Date vectors are built on double vectors. (Dates are represented as the number of days since 1970-01-01, with negative values for earlier dates.)

d1 <- 1

# assign class "Date" to the double vector d
class(d1) = "Date"

print(d1)

## [1] "1970-01-02"

print(typeof(d1))

## [1] "double"

print(attributes(d1))

## $class
## [1] "Date"

In practice, you create date type in other ways.

today <- Sys.Date()

print(today)

## [1] "2019-01-21"

print(typeof(today))

## [1] "double"

print(str(today))

##  Date[1:1], format: "2019-01-21"
## NULL

print(class(today))

## [1] "Date"

attributes(today)

## $class
## [1] "Date"

Create date type from character vectors using as.Date( ).

d2 <- as.Date("2019-01-22")
print(d2)

## [1] "2019-01-22"

class(d2)

## [1] "Date"

Exercise

Create a character vector (“2019-01-22”, “2019-02-11”). Convert it to date type using as.Date(). Find the days between the two dates.

# Your code here

# use as.Date( ) to convert strings to dates
date_start_end <- as.Date(c("2019-01-22", "2019-02-11"))
print(class(date_start_end))

## [1] "Date"

days <- date_start_end[2] - date_start_end[1]
print(days)

## Time difference of 20 days

Date-times

R has two way to store date-time information.

POSIXct (ct - calendar time): it’s built on double vectors. It’s value represents the number of seconds since 1970-01-01.
POSIXlt (lt - local time): it stores date/time values as a list of components(hour, min, etc.). We won’t discuss it here.

One of the best R packages to work with date/time is lubridate. You can learn it on your own.

# UTC - Universal Time Coordinated / Universal Coordinated Time
now_ct <- as.POSIXct("2018-11-11 8:00", tz = "UTC")
now_ct

## [1] "2018-11-11 08:00:00 UTC"

print(typeof(now_ct))

## [1] "double"

class(now_ct)

## [1] "POSIXct" "POSIXt"

attributes(now_ct)

## $class
## [1] "POSIXct" "POSIXt" 
## 
## $tzone
## [1] "UTC"

ct1 <- structure(now_ct, tzone = "Asia/Tokyo")
print(ct1)

## [1] "2018-11-11 17:00:00 JST"

attributes(ct1)

## $class
## [1] "POSIXct" "POSIXt" 
## 
## $tzone
## [1] "Asia/Tokyo"

2.4 Data frames and tibbles

A data frame is like a 2-D table in Excel. More precisely, it is a list of vectors (columns) with equal length. It has a class attribute, “data.frame”, and it also has attributes 1) (column) names; and 2) row.names.
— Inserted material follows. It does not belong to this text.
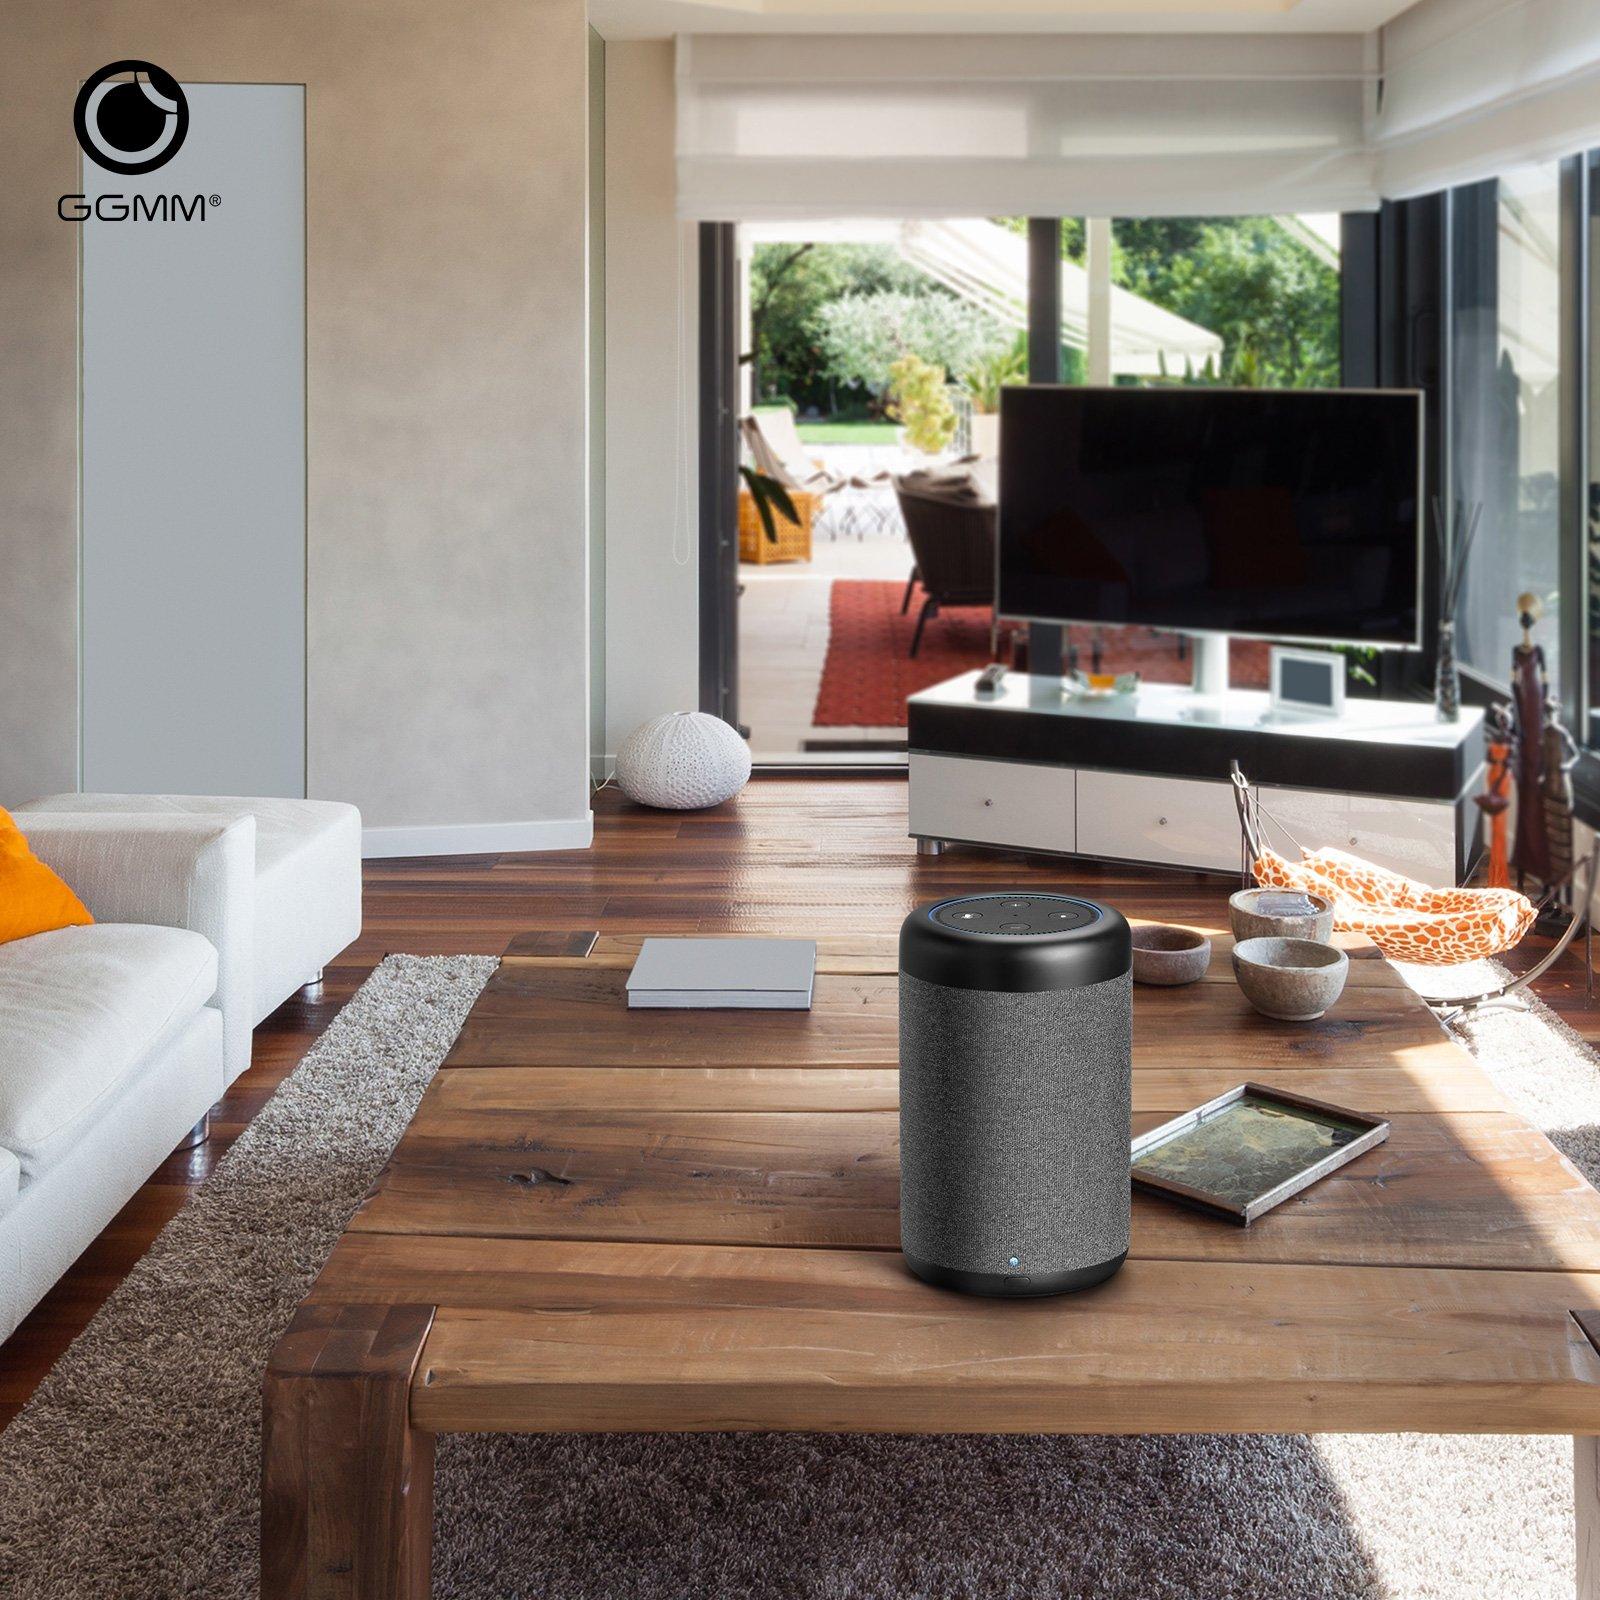 GGMM D6 Portable Speaker for Amazon Echo Dot 2nd Generation, 20W Powerful True 360 Alexa Speakers (DOT SOLD SEPARATELY) by GGMM (Image #7)

df1 <- data.frame(x = 1:3, y = letters[1:3], z = c(1.1, 2.2, 3.3))

df1

##   x y   z
## 1 1 a 1.1
## 2 2 b 2.2
## 3 3 c 3.3

# Note that by default strings are converted to be factors
str(df1)

## 'data.frame':    3 obs. of  3 variables:
##  $ x: int  1 2 3
##  $ y: Factor w/ 3 levels "a","b","c": 1 2 3
##  $ z: num  1.1 2.2 3.3

# use 'stringsAsFactors = FALSE' to keep strings as they are
df2 <- data.frame(
  x = 1:3,
  y = c("a", "b", "c"),
  stringsAsFactors = FALSE
)
str(df2)

## 'data.frame':    3 obs. of  2 variables:
##  $ x: int  1 2 3
##  $ y: chr  "a" "b" "c"

print(typeof(df1))

## [1] "list"

print(class(df1))

## [1] "data.frame"

# a dataframe has three attributes
print(attributes(df1))

## $names
## [1] "x" "y" "z"
## 
## $row.names
## [1] 1 2 3
## 
## $class
## [1] "data.frame"

is.data.frame(df1)

## [1] TRUE

Functions to find out column and row names.

# find out column names using names() or colnames()
print(names(df1))

## [1] "x" "y" "z"

print(colnames(df1))

## [1] "x" "y" "z"

# find out row names
print(rownames(df1))

## [1] "1" "2" "3"

Functions to find out number of columns and rows.

# find out number of columns
print(length(df1))

## [1] 3

print(ncol(df1))

## [1] 3

# find out number of rows
print(nrow(df1))

## [1] 3

2.4.1 Subsetting a dataframe

Subsetting a dataframe is similar to that of a list or matrix.

The list way (subset a dataframe like a named list)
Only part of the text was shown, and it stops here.